Hacker News new | ask | show | jobs
by sz4kerto 3146 days ago
No good migration story for existing data, that'll hurt us quite a lot. :(
5 comments

Yeah, as Prometheus's local storage is meant more as a transient / non-durable metrics store, the only current way to migrate while simultaneously accessing old and new data is to run both the old and new servers and have the new one read old data from the other one via the remote-read integration.

Someone could write a tool to do a full migration of the old storage format to the new one, but the formats are completely different and at least in the naive version of such tooling, that would have to happen offline and take a very long time to run for large storages.

EDIT: If you would like to fund development of such a tool, let us know :)

> EDIT: If you would like to fund development of such a tool, let us know :)

We're too small for that, unfortunately.

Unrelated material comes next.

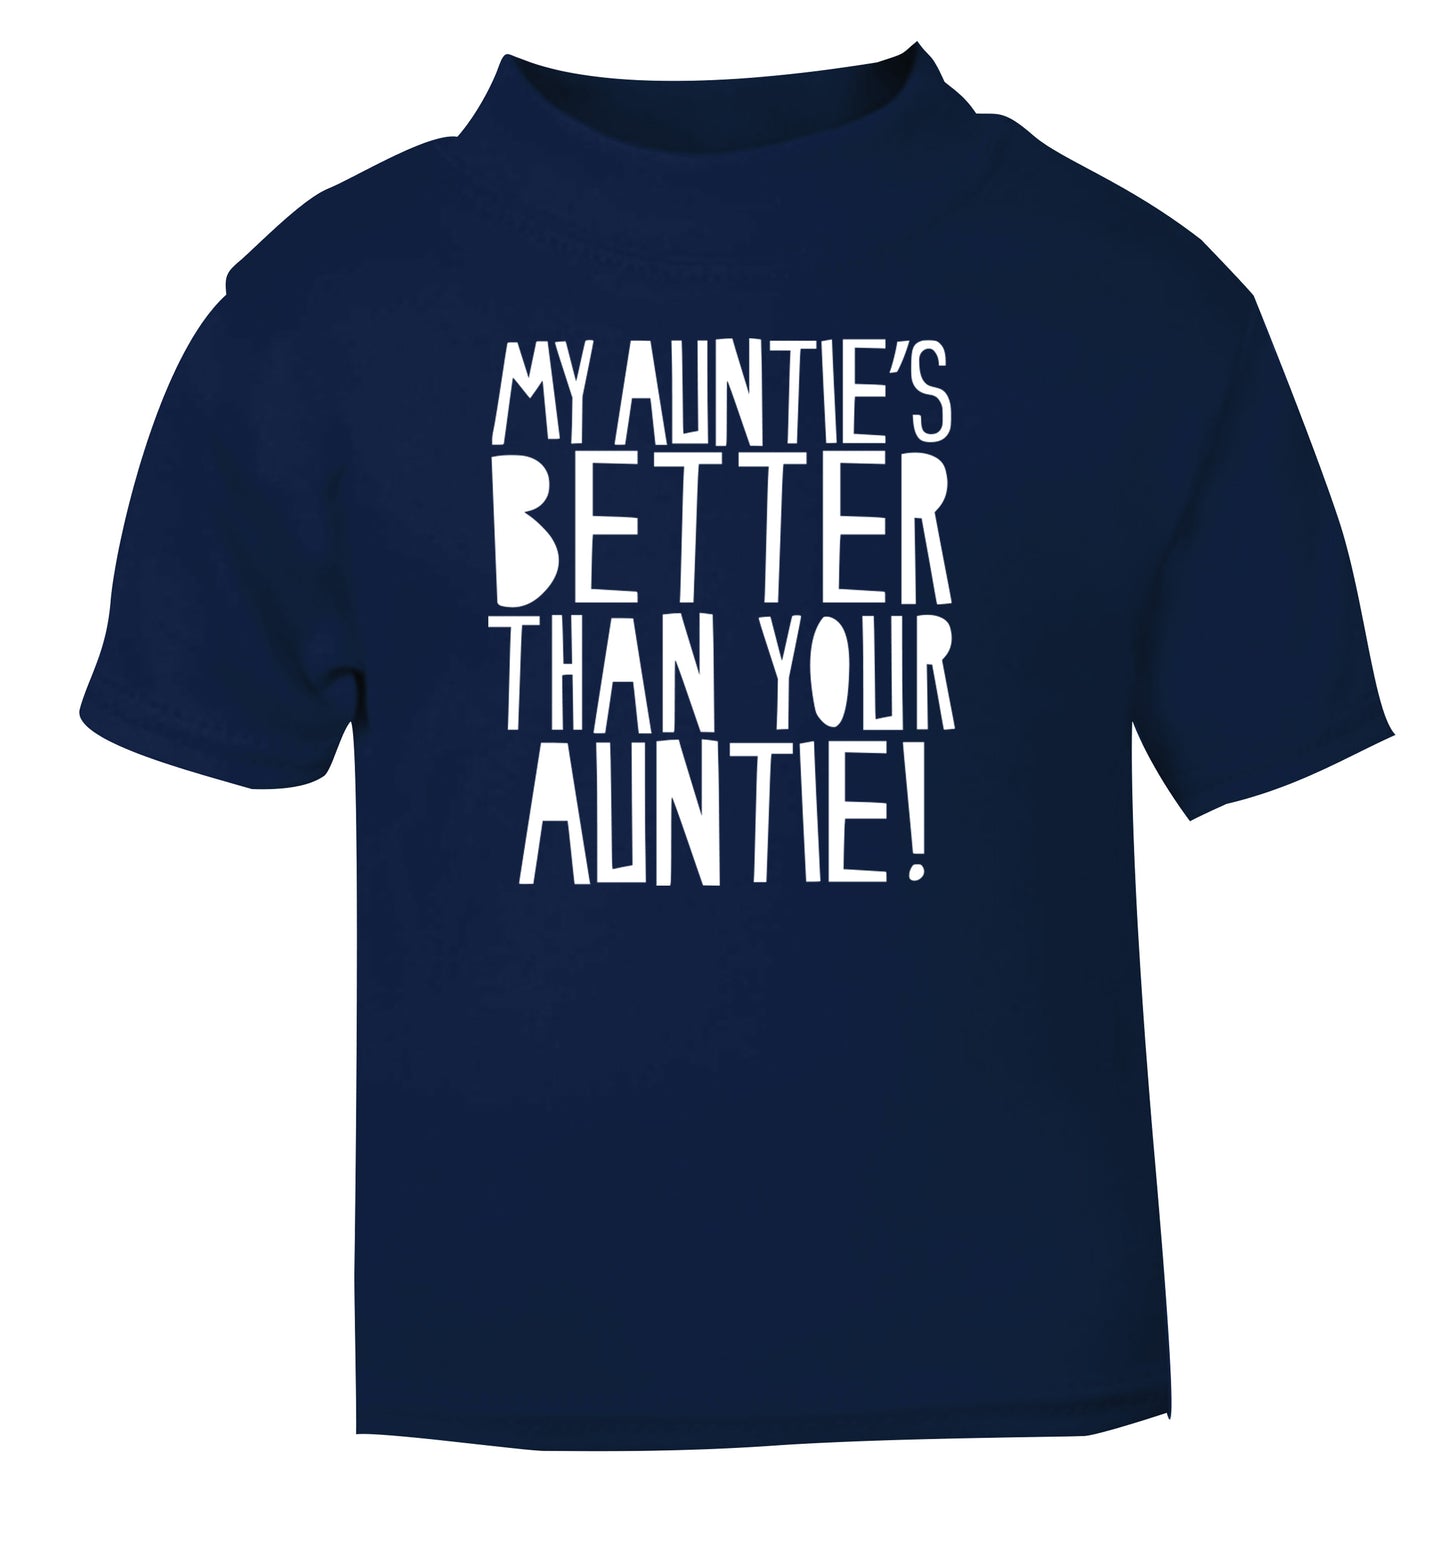 My auntie's better than your auntie navy Baby Toddler Tshirt 2 Years

Someone said at DockerCon that migrating large (multi-TB) stores would take a long time; this doesn't apply to us, we have only ~0.1 TB perf data as of now.

Out of curiosity, do you care about migrating the data online, or would a brief Prometheus downtime (and thus gap in data) be ok?
Downtime would be acceptable I think, especially because we could just launch a separate instance of Prom while the main one is being migrated.
There is a transition feature: https://www.robustperception.io/accessing-data-from-promethe...

The problem with data migration is that the two versions of the system lay out the data quite differently, so converting from one to the other would take a lot of disk seeks. In the worst case you could be looking potentially at days to convert the data over, which isn't really an option for most systems that care about older data.

Seek time is not relevant, our stuff is on SSDs. Thanks for the link, I've known about the transition feature.
First approaches are happening for this now:

https://groups.google.com/forum/#!topic/prometheus-users/wO5...

- https://github.com/Percona-Lab/prom-migrate (requires old Prom server to run for reading out data)

- https://github.com/juliusv/prom-data-migrator (operates offline on old and new storage dirs directly)

Percona just released a migration tool.

https://github.com/Percona-Lab/prom-migrate

If you need your Prometheus data to survive, you're doing it wrong.
What are we doing wrong? We use Prometheus for many things, for example I'd like to know how specific latencies have changed over time. Why should I store these numbers somewhere else?
Prometheus is not intended as durable long term storage, it's fundamentally limited to the size of a machine. You should also design your monitoring be able to tolerate completely losing the data of a Prometheus.

We recommend using another system for long term data, see https://prometheus.io/docs/operating/integrations/#remote-en... for some examples.

The problem is (as you know) that single machines are in practice still too reliable and Prometheus is still too good at storing data for long times that many people have come to rely on it despite warnings :)